Blue shark numbers can handle bycatch mortality, says DFO

Written By Unknown on Minggu, 07 Desember 2014 | 22.11

The Department of Fisheries and Oceans has released new research on the large numbers of blue sharks killed as bycatch in other fisheries.

Federal authorities will soon review whether blue sharks need protection. According to the Committee on the Status of Endangered Wildlife in Canada, blue sharks are currently listed as a species of "special concern."

This week, DFO scientist Steve Campana​ delivered a report on the status and threats to blue sharks.

"Some of it confirmed what we already knew and some was kind of exciting," he says.

As it turns out, blue sharks are travellers. Sharks tagged off Nova Scotia are being caught far from Canadian waters.

"A lot of these tags are being recaptured way off in the middle of the Atlantic Ocean, often by Spanish fishermen of all things," he says.

About 8,000 blue sharks are caught accidentally in Canadian waters annually — mostly off Nova Scotia by vessels trailing long lines of baited hooks — fishing for swordfish or tuna.

Campana says the blue shark bycatch is quite large. But he says the stock can handle it.

"It doesn't look like the number that are being caught are seriously impacting the population. But, basically, it's turning out to be a big waste," he says.

Nova Scotia's swordfish and tuna fishery have received Marine Stewardship Council certification as sustainable.

Heather Grant, with the Ecology Action Centre in Halifax, says the bycatch raises doubts about MSC certification.

"When somebody goes to the grocery store, they're trying to make a quick decision, they're going to pick the sustainable option but of course they don't know that, that is coming with a great deal of shark mortality," she says.

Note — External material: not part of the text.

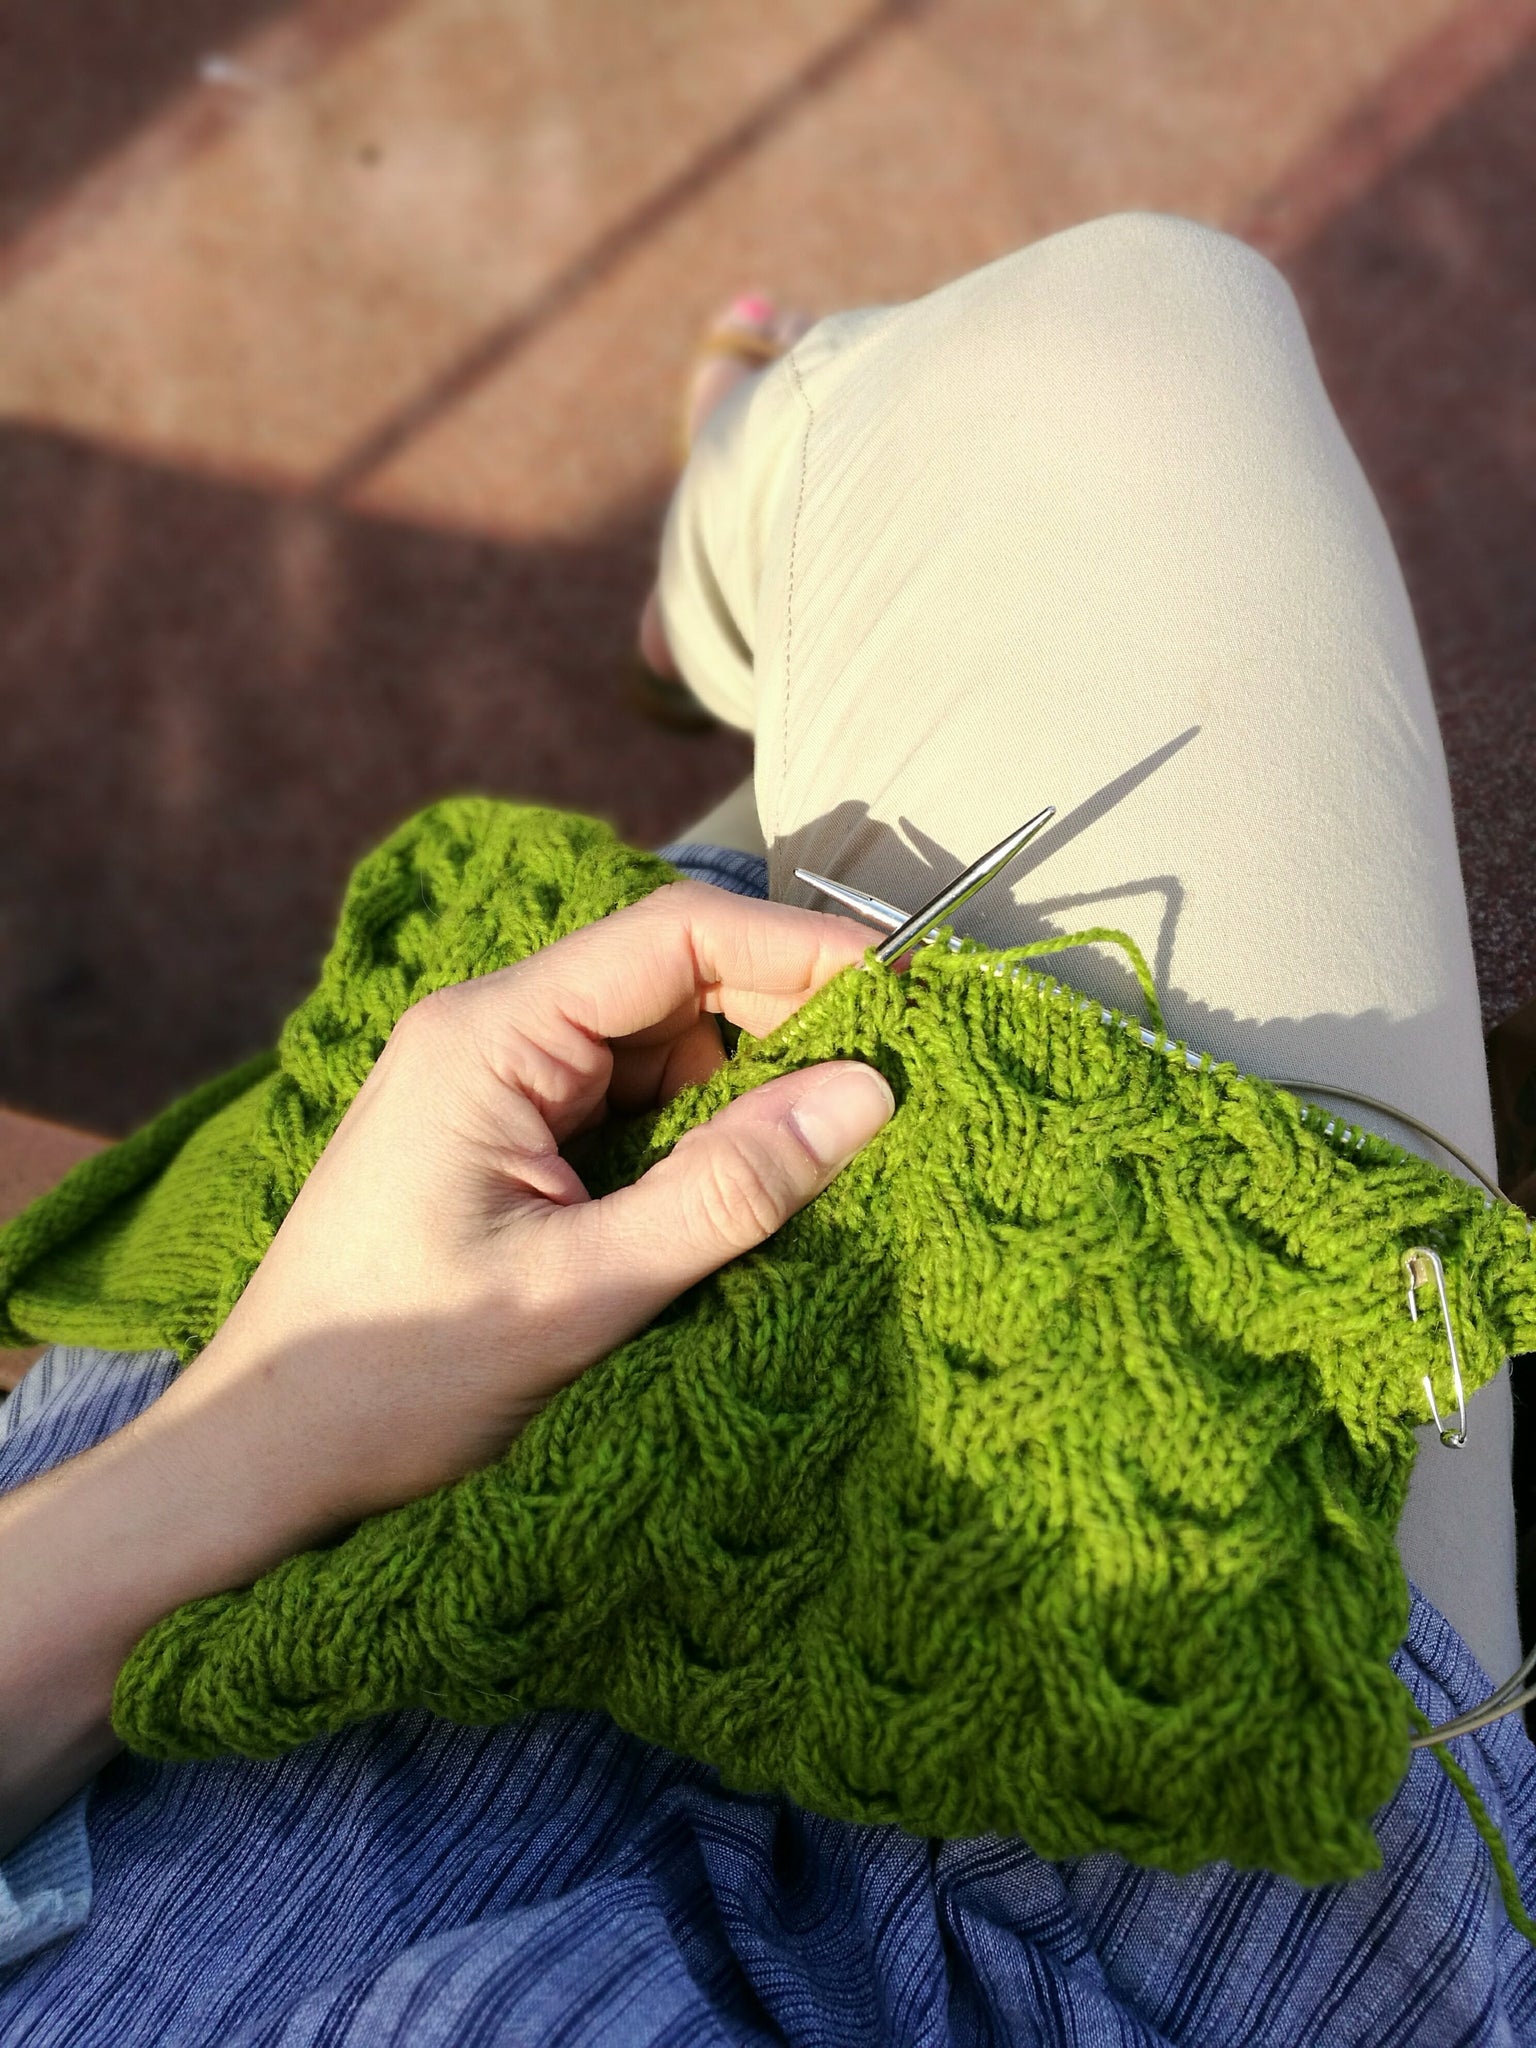 Image of knitting shot from above, in warm sunshine. A white skinned hand holds the needle, the project is a cabled cowl in green yarn.

Troy Atkinson of the Nova Scotia Swordfishermen's Association says his fishery poses no threat.

"The levels are relatively low. Canada makes up, in total, about four per cent of the entire take in the North Atlantic," he says.

This week's DFO research also debunks the idea that shark derbies threaten the species.

Campana says the number killed is "a drop in the ocean," perhaps 200 per year out of a summertime population of one million.

In fact, he says tags fixed on the smaller sharks that are automatically released by fishermen during the derby provide valuable information to scientists.